GIS as Media?

Monica Stephens and I have a forthcoming book chapter, "GIS as Media?" in Mediated Geographies / Geographies of Media (Springer), edited by Susan Mains, Julie Cupples and Chris Lukinbeal. The preprint version is available here.

Wilson, Matthew W., and Monica Stephens. Forthcoming. "GIS as Media?" In Mediated Geographies / Geographies of Media, edited by Susan Mains, Julie Cupples and Chris Lukinbeal. Springer.

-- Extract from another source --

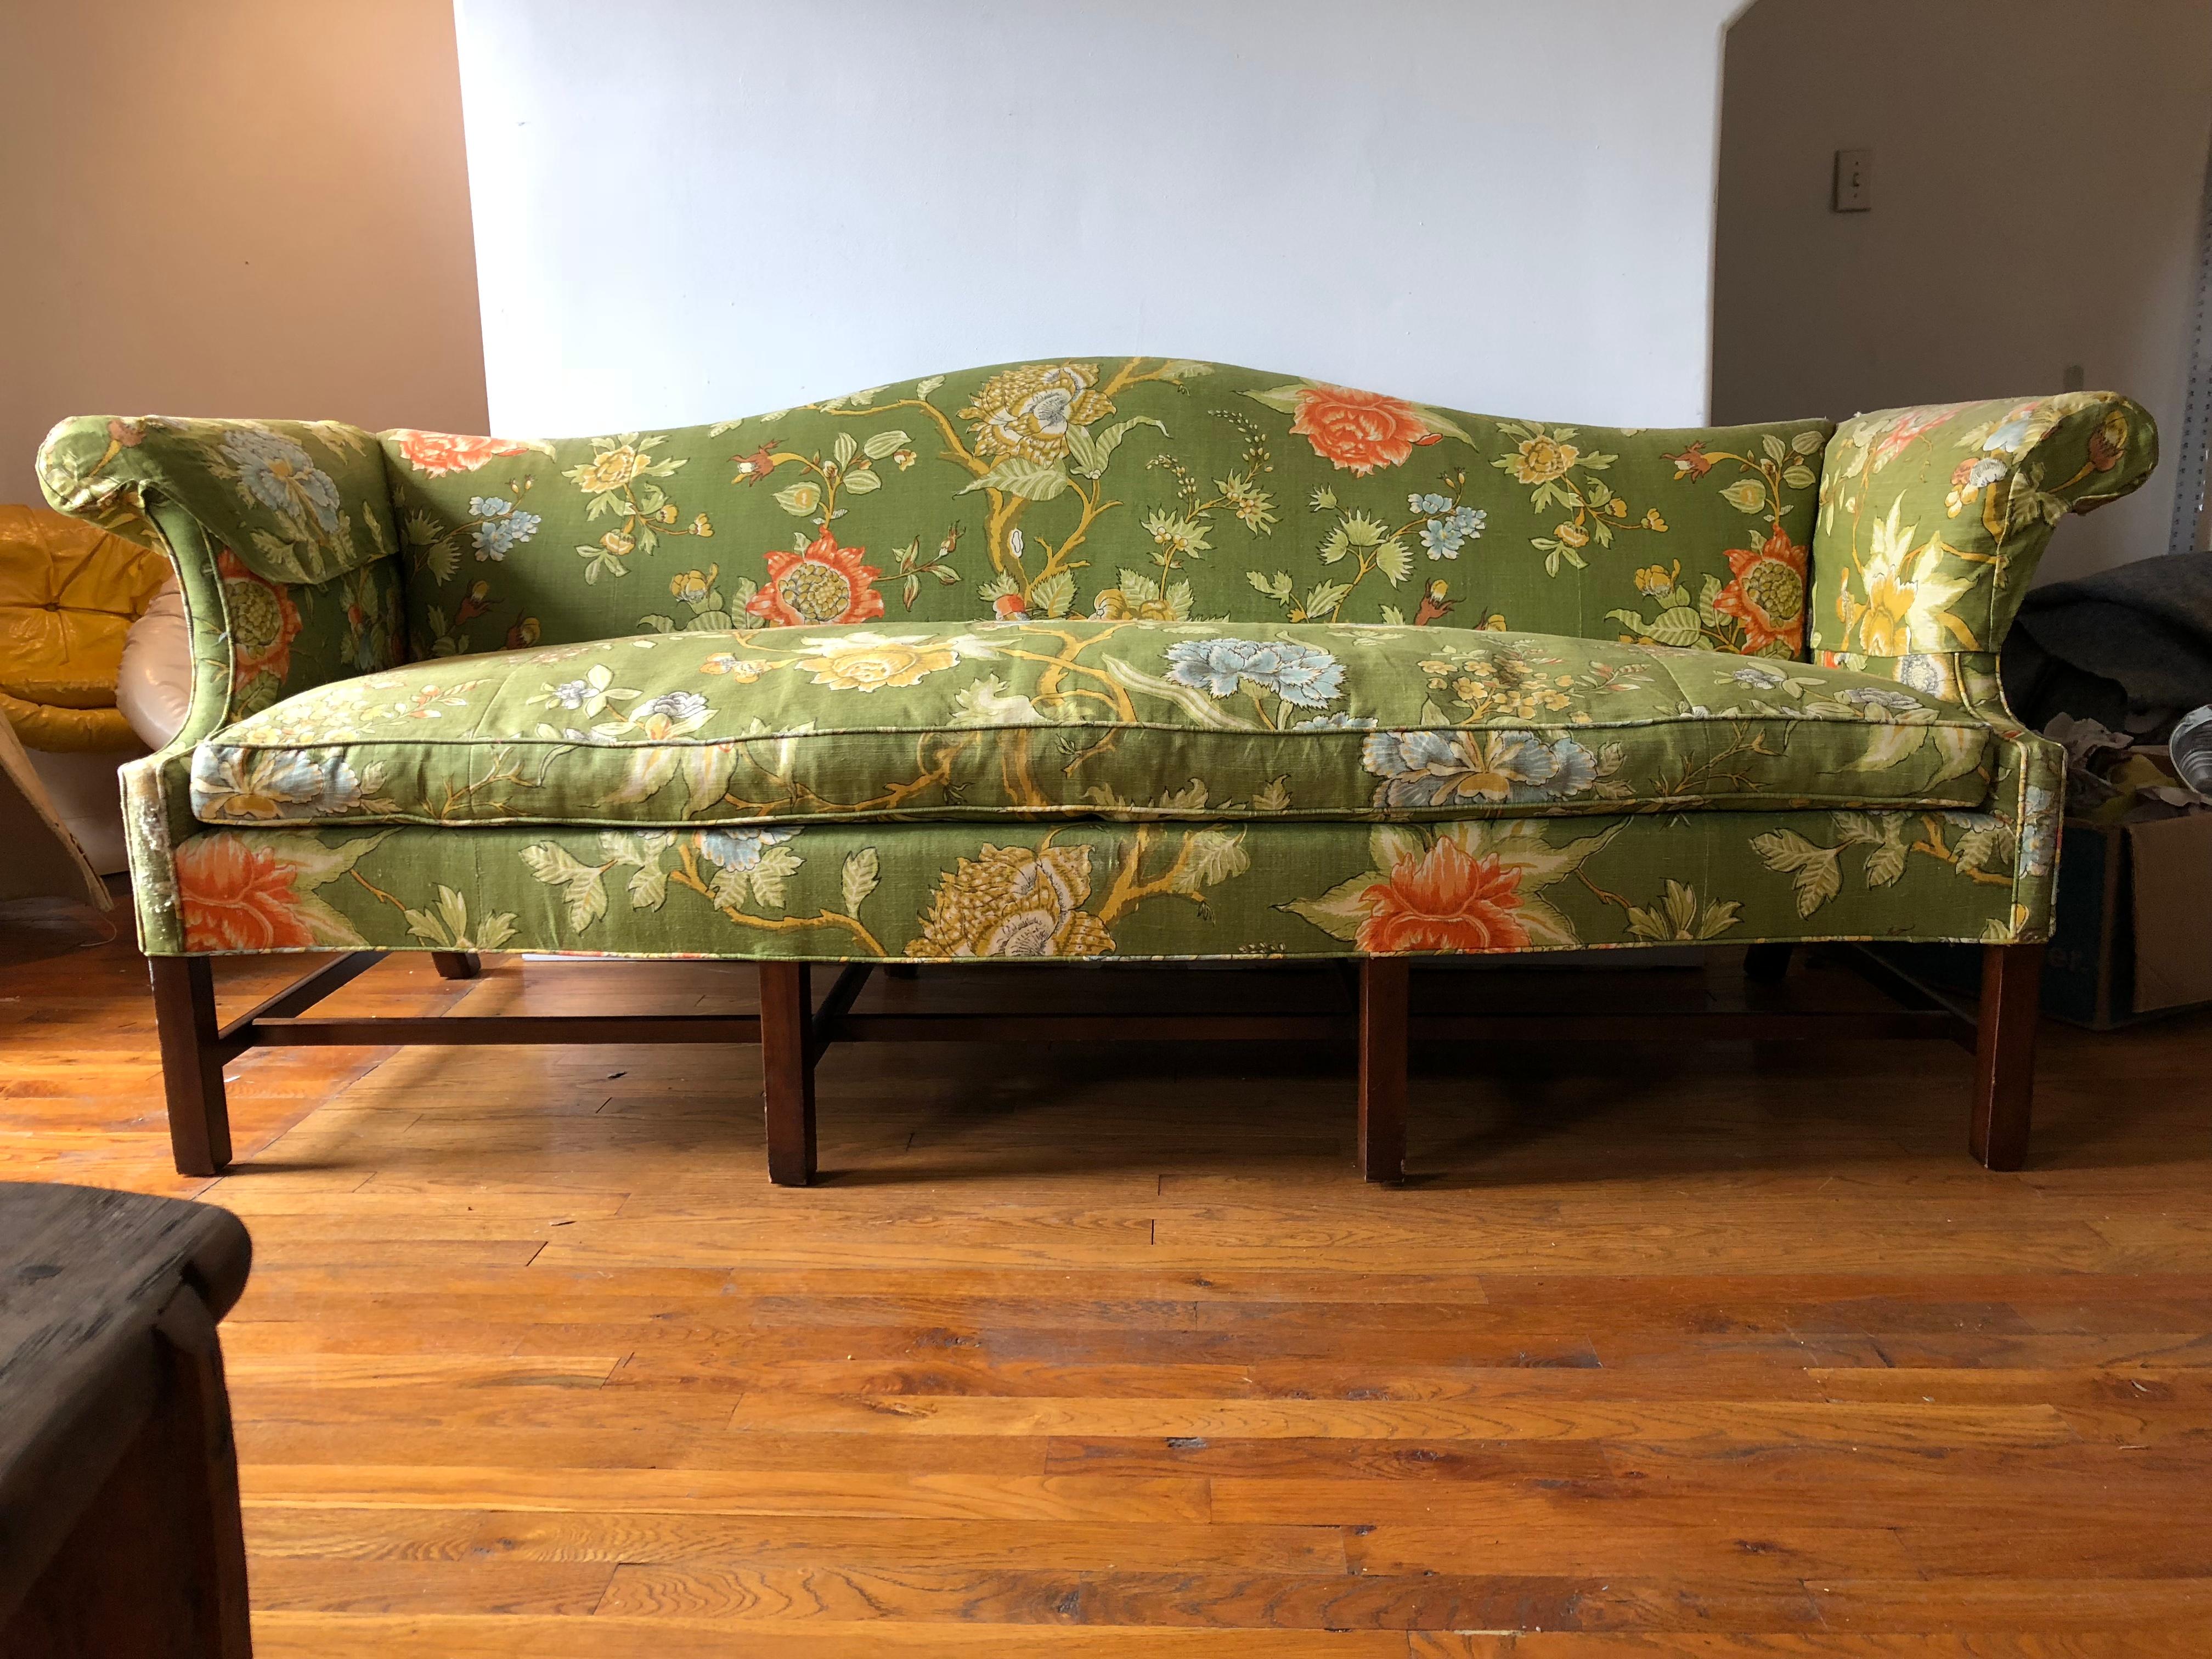 Vintage Baker Furniture Co. Modern green linen floral camelback sofa, mahogany base. Gorgeous blush pink peony Jacobean floral pattern with blue buds on fresh Kelly green background. Stunning lines and elegant proportions. 3-seat. With tags/ labels.

Geographic Information Systems are frequently thought of as a method to analyze and display spatial phenomena. As a state or military instrument for surveillance and control, or as consumer-oriented technology for navigation and geo-enabled search, GIS technologies have largely been employed to represent the present conditions of the world – whether atmospheric, geopolitical, social and urban, or geophysical. More recent critiques of these technologies have emphasized their societal implications, such as the ways in which spatial representations enable new forms of spatial problem solving. However, the digital landscape is evolving, as information generated by social/spatial media creates uneven topographies and layers of information describing everything from pedestrian landmarks to social relations. Furthermore, as real-time information and surveillance creates an impetus to examine ‘big data’, renewed interest in Social Network Analysis (SNA) provides a distinct lens on these media geographies. In this chapter, we shall present the history and development of GIS within geography amid the proliferation of digital media to better articulate the relative novelty of spatial/social media – to chart out a renewed understanding of the relationship between the map and the map reader, as a kind of map 2.0 approach that foregrounds map interactivity as the new model of map communication. In other words, we ask what are the affordances of broadening conceptions of GIS as media?